OK. So the regression disappears when the conditions on runnable_avg are 
removed.

In the meantime, I have been able to understand more deeply what was happeningi
for this bench and how it is impacted by
   commit: 070f5e860ee2 ("sched/fair: Take into account runnable_avg to classify 
group")

This bench forks a new thread for each and every new step. But a newly forked
threads start with a load_avg and a runnable_avg set to max whereas the threads
are running shortly before exiting. This makes the CPU to be set overloaded in
some case whereas it isn't.

Could you try the patch below ?
It fixes the problem on my setup (I have finally been able to reproduce the 
problem)

---
  kernel/sched/fair.c | 2 +-
  1 file changed, 1 insertion(+), 1 deletion(-)

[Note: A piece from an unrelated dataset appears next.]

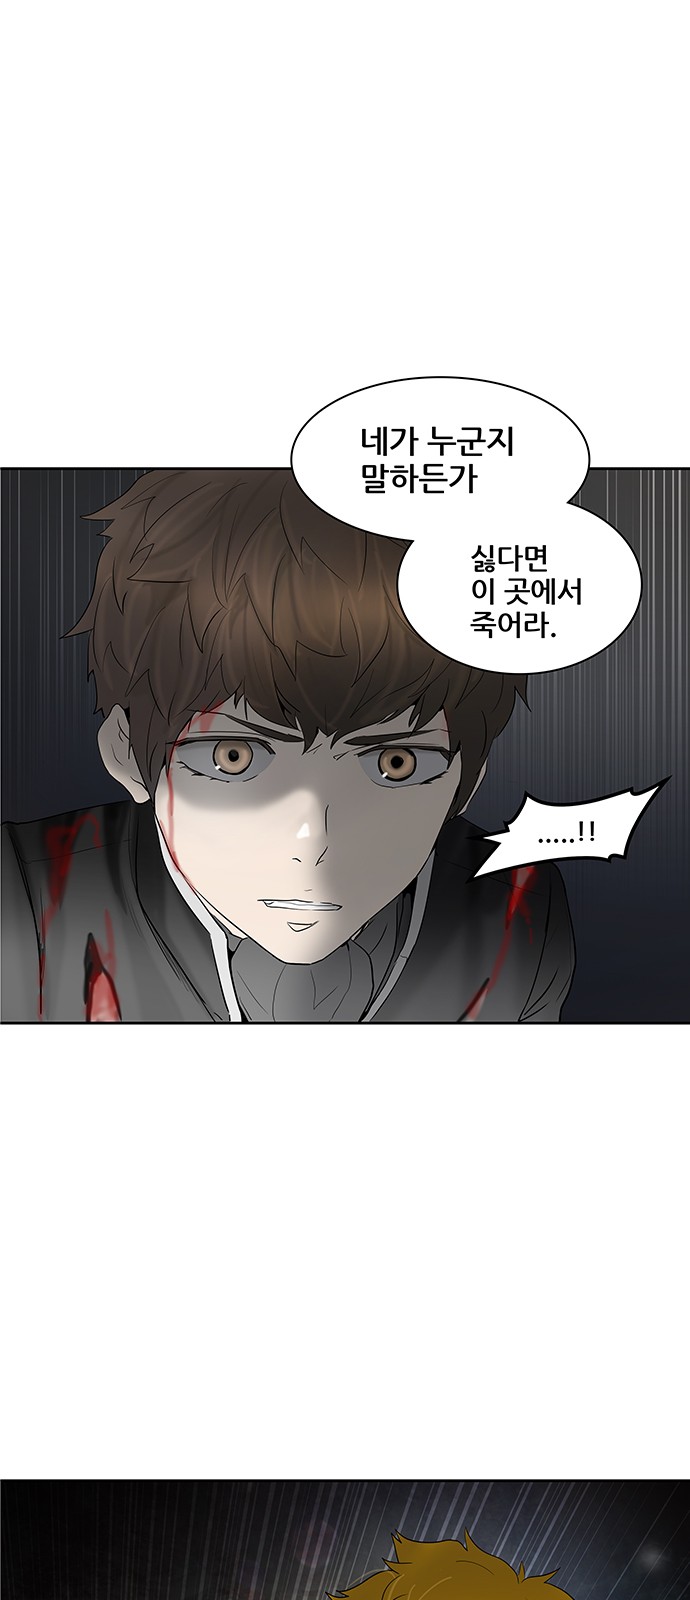 Tower of God - Chapter 368 - Page 1

diff --git a/kernel/sched/fair.c b/kernel/sched/fair.c
index 0ae62807..b33a4a9e1491 100644
--- a/kernel/sched/fair.c
+++ b/kernel/sched/fair.c
@@ -807,7 +807,7 @@ void post_init_entity_util_avg(struct task_struct *p)
}
}
  
-	sa->runnable_avg = cpu_scale;

+   sa->runnable_avg = sa->util_avg;
  
  	if (p->sched_class != _sched_class) {

/*
--
2.17.1



The patch above tries to move back to the group in the same classification as
before but this could harm other benchmarks.

There is another way to fix this by easing the migration of task in the case
of migrate_util imbalance.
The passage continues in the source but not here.